The algorithm works! It generates valid solutions. Unfortunately, however, there seem to be two hurdles to overcome if I want to actually get good results.

Firstly, there are many possible ways to place the lego bricks. Far too many for me to evaluate them manually. That means that I need some way of telling the algorithm which solutions are better than others. This problem is akin to selecting a fitness function for a genetic algorithm and is particularly difficult. I worked through a few options, each of which used various weightings and combinations of the difference between the desired and actual colour for a given pixel and the distance of those pixels from the centre of the image. The error functions were all fairly naive and didn’t give great results. Centre-weighting errors in particular was a poor-mans attempt at favouring correct colours in “more important” areas of the image. I suspect that outcomes could be significantly improved by using edge detection and minimizing contrast errors around those edges.

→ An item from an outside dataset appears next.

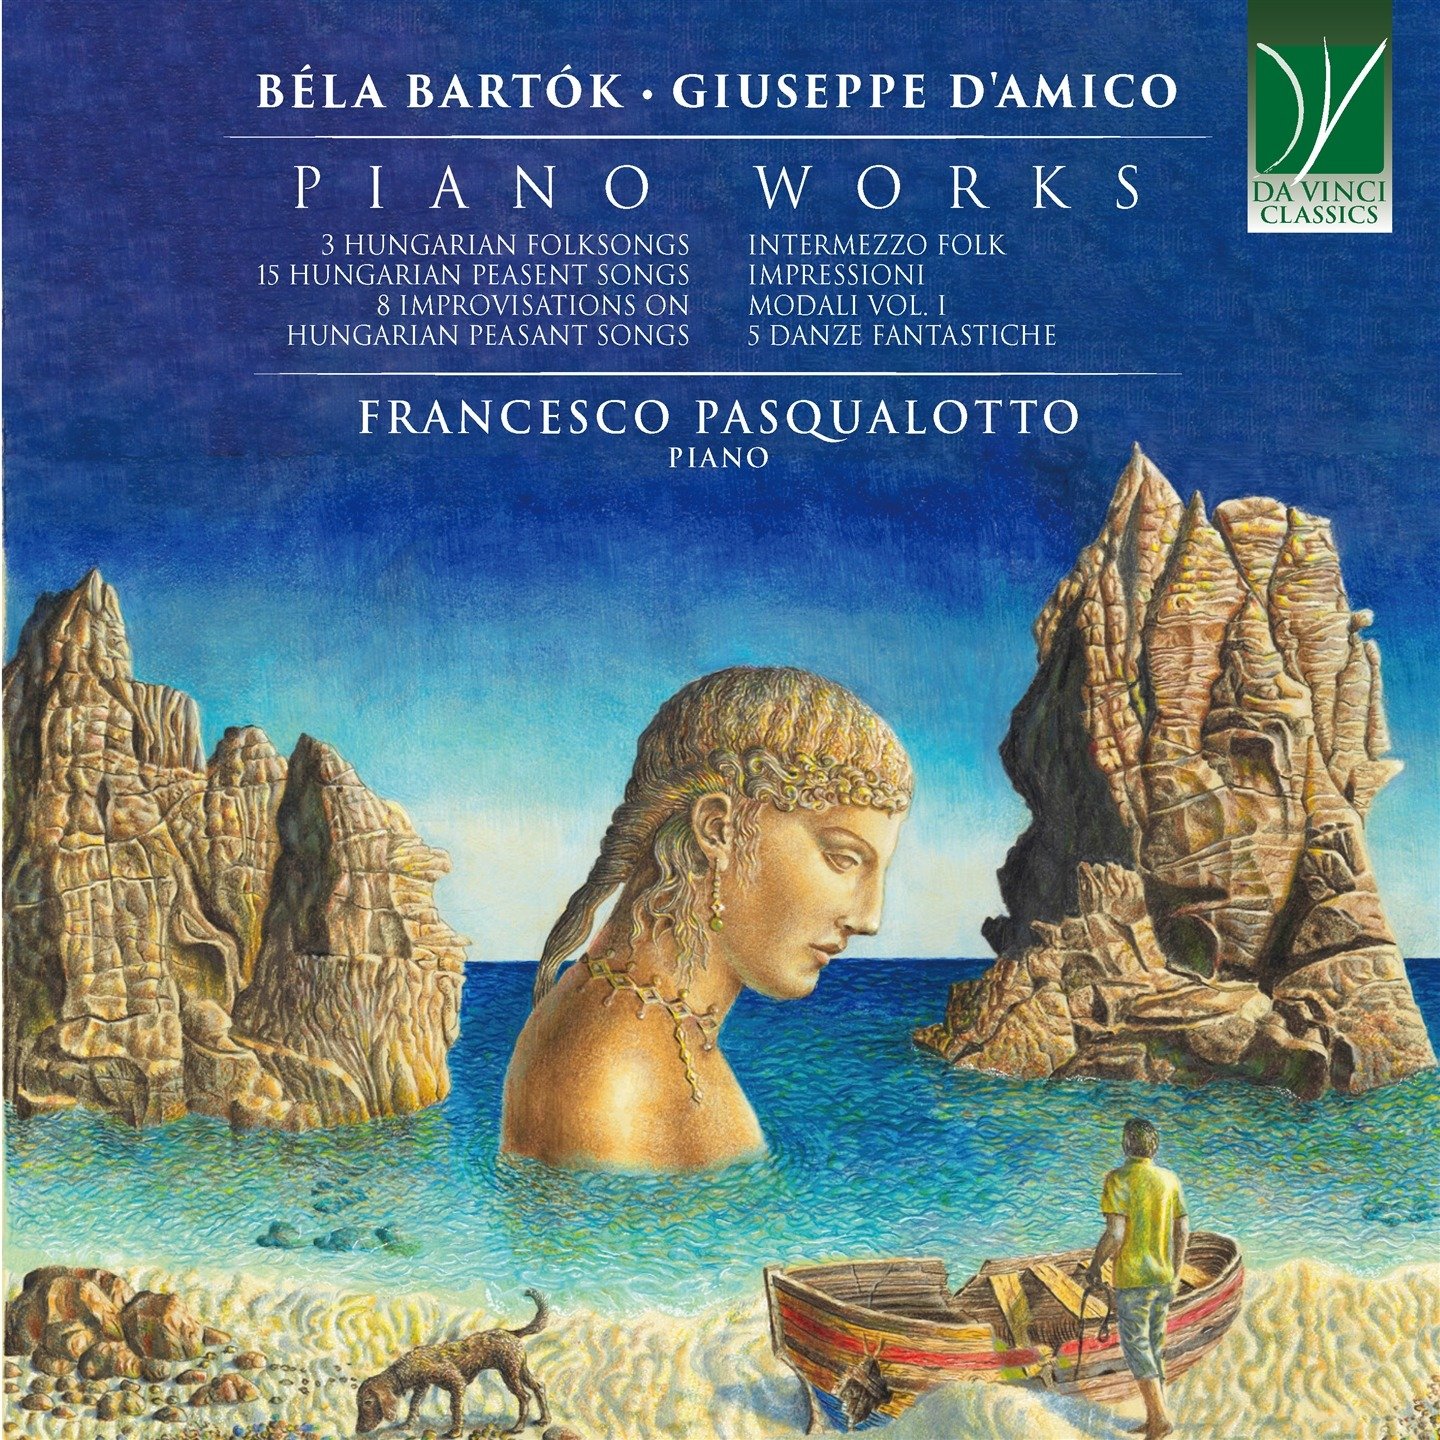 Bela Bartok, Giuseppe D'amico: Piano Works

Secondly, some images will just be better-suited to this lego brick tiling. If I’ve only got 90 studs worth of white bricks, an image that has more than 90 white pixels cannot have all of the white pixels correct. There’s an art to downscaling and reducing the colour depth of images. Investing more time in finding approaches that suit the final use-case could result in images that are fundamentally easier to tile.

Either way, here’s one solution:

     
The original image:
original image		 The version that the algorithm tried to tile:
scaled		 The result:
scaled

Closing out

For now, I’ve pushed the mess of code that gave us the work of art above to GitHub. One day, when I’m motivated, I’ll come back, clean it up, and hopefully implement some of the improvements that I think will get the results to a level that I’m happy with.